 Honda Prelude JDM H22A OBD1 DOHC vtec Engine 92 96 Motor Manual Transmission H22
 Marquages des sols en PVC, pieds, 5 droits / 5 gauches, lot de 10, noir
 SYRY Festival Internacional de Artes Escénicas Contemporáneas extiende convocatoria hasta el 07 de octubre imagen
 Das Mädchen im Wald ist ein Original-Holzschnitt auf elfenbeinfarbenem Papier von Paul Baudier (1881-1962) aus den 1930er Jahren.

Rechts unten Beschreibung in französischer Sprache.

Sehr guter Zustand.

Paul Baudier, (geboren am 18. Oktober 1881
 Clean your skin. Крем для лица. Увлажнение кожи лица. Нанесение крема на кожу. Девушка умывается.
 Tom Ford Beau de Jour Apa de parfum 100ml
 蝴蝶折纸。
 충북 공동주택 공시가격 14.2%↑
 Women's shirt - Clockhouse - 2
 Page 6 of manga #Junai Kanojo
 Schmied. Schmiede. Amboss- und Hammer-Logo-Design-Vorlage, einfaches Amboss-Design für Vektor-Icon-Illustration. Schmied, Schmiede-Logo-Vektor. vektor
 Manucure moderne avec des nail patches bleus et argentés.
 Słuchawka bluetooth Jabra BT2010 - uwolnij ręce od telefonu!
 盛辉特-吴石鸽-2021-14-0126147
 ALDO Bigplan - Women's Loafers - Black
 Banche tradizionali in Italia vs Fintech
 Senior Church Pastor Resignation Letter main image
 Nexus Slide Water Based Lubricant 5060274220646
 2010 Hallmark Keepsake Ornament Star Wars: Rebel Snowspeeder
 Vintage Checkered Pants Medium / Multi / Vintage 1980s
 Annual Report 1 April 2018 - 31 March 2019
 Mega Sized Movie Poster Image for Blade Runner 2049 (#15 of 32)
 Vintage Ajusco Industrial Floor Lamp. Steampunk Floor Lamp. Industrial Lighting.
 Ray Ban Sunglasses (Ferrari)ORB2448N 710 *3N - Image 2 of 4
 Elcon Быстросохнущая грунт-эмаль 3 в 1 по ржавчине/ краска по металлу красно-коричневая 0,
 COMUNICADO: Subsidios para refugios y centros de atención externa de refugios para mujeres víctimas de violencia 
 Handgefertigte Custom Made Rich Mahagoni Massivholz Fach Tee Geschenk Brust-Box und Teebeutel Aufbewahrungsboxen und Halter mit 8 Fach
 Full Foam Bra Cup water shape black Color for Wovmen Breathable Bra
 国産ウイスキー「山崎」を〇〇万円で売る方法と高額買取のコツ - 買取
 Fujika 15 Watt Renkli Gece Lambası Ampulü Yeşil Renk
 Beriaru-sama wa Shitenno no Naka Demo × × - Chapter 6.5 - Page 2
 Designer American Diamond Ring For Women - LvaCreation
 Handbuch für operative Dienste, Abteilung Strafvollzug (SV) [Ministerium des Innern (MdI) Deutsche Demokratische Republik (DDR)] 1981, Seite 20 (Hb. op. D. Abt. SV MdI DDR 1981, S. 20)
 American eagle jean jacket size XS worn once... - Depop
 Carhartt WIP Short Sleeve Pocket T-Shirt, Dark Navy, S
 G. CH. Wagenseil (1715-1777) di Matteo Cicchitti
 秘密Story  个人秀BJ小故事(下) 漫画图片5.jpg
------------------------
◆ PROBLEM DESCRIPTION
All entries are to be retyped with no difference from the original.

◆ EXERCISE RESPONSE
 Honda Prelude JDM H22A OBD1 DOHC vtec Engine 92 96 Motor Manual Transmission H22
 Marquages des sols en PVC, pieds, 5 droits / 5 gauches, lot de 10, noir
 SYRY Festival Internacional de Artes Escénicas Contemporáneas extiende convocatoria hasta el 07 de octubre imagen
 Das Mädchen im Wald ist ein Original-Holzschnitt auf elfenbeinfarbenem Papier von Paul Baudier (1881-1962) aus den 1930er Jahren.

Rechts unten Beschreibung in französischer Sprache.

Sehr guter Zustand.

Paul Baudier, (geboren am 18. Oktober 1881
 Clean your skin. Крем для лица. Увлажнение кожи лица. Нанесение крема на кожу. Девушка умывается.
 Tom Ford Beau de Jour Apa de parfum 100ml
 蝴蝶折纸。
 충북 공동주택 공시가격 14.2%↑
 Women's shirt - Clockhouse - 2
 Page 6 of manga #Junai Kanojo
 Schmied. Schmiede. Amboss- und Hammer-Logo-Design-Vorlage, einfaches Amboss-Design für Vektor-Icon-Illustration. Schmied, Schmiede-Logo-Vektor. vektor
 Manucure moderne avec des nail patches bleus et argentés.
 Słuchawka bluetooth Jabra BT2010 - uwolnij ręce od telefonu!
 盛辉特-吴石鸽-2021-14-0126147
 ALDO Bigplan - Women's Loafers - Black
 Banche tradizionali in Italia vs Fintech
 Senior Church Pastor Resignation Letter main image
 Nexus Slide Water Based Lubricant 5060274220646
 2010 Hallmark Keepsake Ornament Star Wars: Rebel Snowspeeder
 Vintage Checkered Pants Medium / Multi / Vintage 1980s
 Annual Report 1 April 2018 - 31 March 2019
 Mega Sized Movie Poster Image for Blade Runner 2049 (#15 of 32)
 Vintage Ajusco Industrial Floor Lamp. Steampunk Floor Lamp. Industrial Lighting.
 Ray Ban Sunglasses (Ferrari)ORB2448N 710 *3N - Image 2 of 4
 Elcon Быстросохнущая грунт-эмаль 3 в 1 по ржавчине/ краска по металлу красно-коричневая 0,
 COMUNICADO: Subsidios para refugios y centros de atención externa de refugios para mujeres víctimas de violencia 
 Handgefertigte Custom Made Rich Mahagoni Massivholz Fach Tee Geschenk Brust-Box und Teebeutel Aufbewahrungsboxen und Halter mit 8 Fach
 Full Foam Bra Cup water shape black Color for Wovmen Breathable Bra
 国産ウイスキー「山崎」を〇〇万円で売る方法と高額買取のコツ - 買取
 Fujika 15 Watt Renkli Gece Lambası Ampulü Yeşil Renk
 Beriaru-sama wa Shitenno no Naka Demo × × - Chapter 6.5 - Page 2
 Designer American Diamond Ring For Women - LvaCreation
 Handbuch für operative Dienste, Abteilung Strafvollzug (SV) [Ministerium des Innern (MdI) Deutsche Demokratische Republik (DDR)] 1981, Seite 20 (Hb. op. D. Abt. SV MdI DDR 1981, S. 20)
 American eagle jean jacket size XS worn once... - Depop
 Carhartt WIP Short Sleeve Pocket T-Shirt, Dark Navy, S
 G. CH. Wagenseil (1715-1777) di Matteo Cicchitti
 秘密Story  个人秀BJ小故事(下) 漫画图片5.jpg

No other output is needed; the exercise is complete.